In the complex plane $\Bbb C$ certain functions $z\mapsto f(z)$ are distinguished as being holomorphic. Any such function comes with a domain $\Omega\subset\Bbb C$, which by definition is an open and connected set.
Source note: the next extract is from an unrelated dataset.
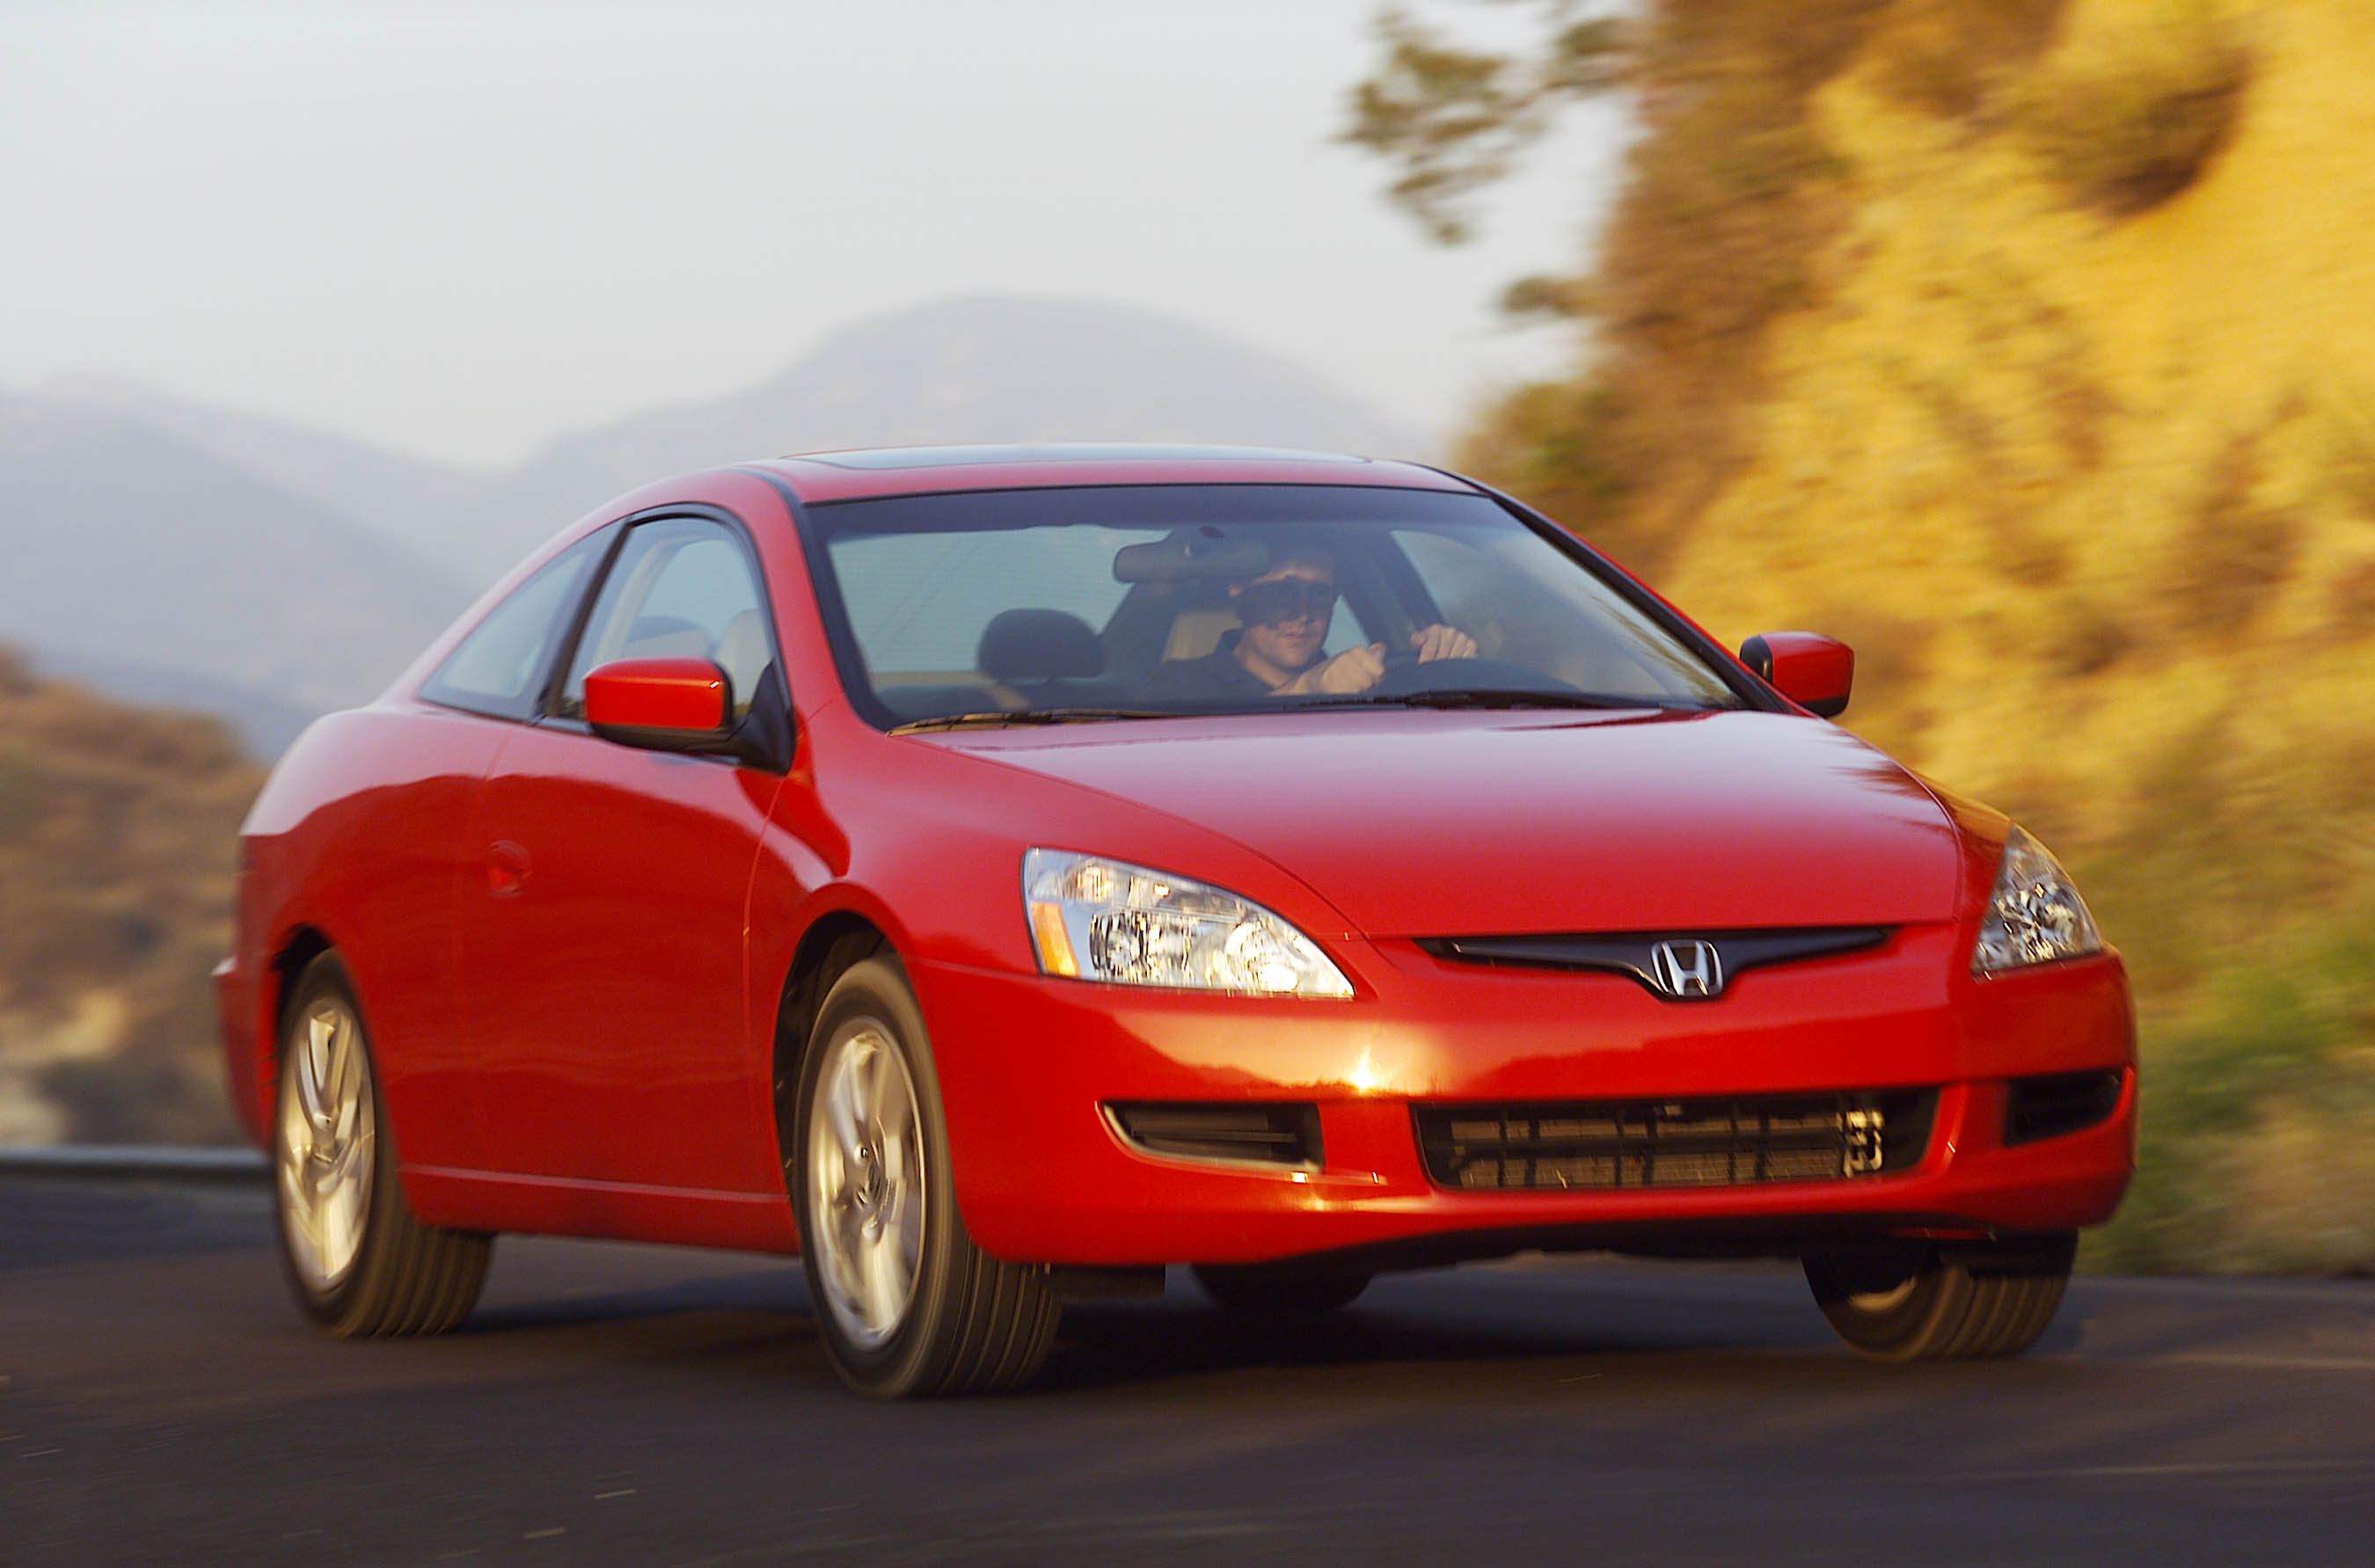 2003 Honda Accord Coupe Thumbnail Photo 73519

Given such an $f$ and a curve $$\gamma:\ [a,b]\to\Omega, \quad t\mapsto z(t)\tag{1}$$ one can consider the integral $$\int_\gamma f(z)\ dz:=\int_a^b f\bigl(z(t)\bigr)\ z'(t)\ dt\ ,$$ whose value depends on $f$ as well as on $\gamma$.

When $f$ happens to be the derivative of some other analytic function $F:\ \Omega\to\Bbb C$, as $\ \cos\ $ is the derivative of $\ \sin$, and if $(1)$ is an arbitrary curve in $\Omega$ connecting the point $\gamma(a)=z_1\in\Omega$ with the point $\gamma(b)=z_2\in\Omega$ then $$\int_\gamma f(z)\ dz= F(z_2)-F(z_1)\ .\tag{2}$$ In order to prove $(2)$ consider the auxiliary function $$\phi(t):=F\bigl(z(t)\bigr)\qquad(a\leq t\leq b)$$ and rewrite the formula $\int_a^b \phi'(t)\ dt=\phi(b)-\phi(a)$ in terms of $f$ and $F$.

In this light the formula $\int_a^b f(x)\ dx=F(b)-F(a)$ from ordinary calculus can be considered as the special case where $\gamma$ is the directed segment $[a,b]\subset\Bbb C$.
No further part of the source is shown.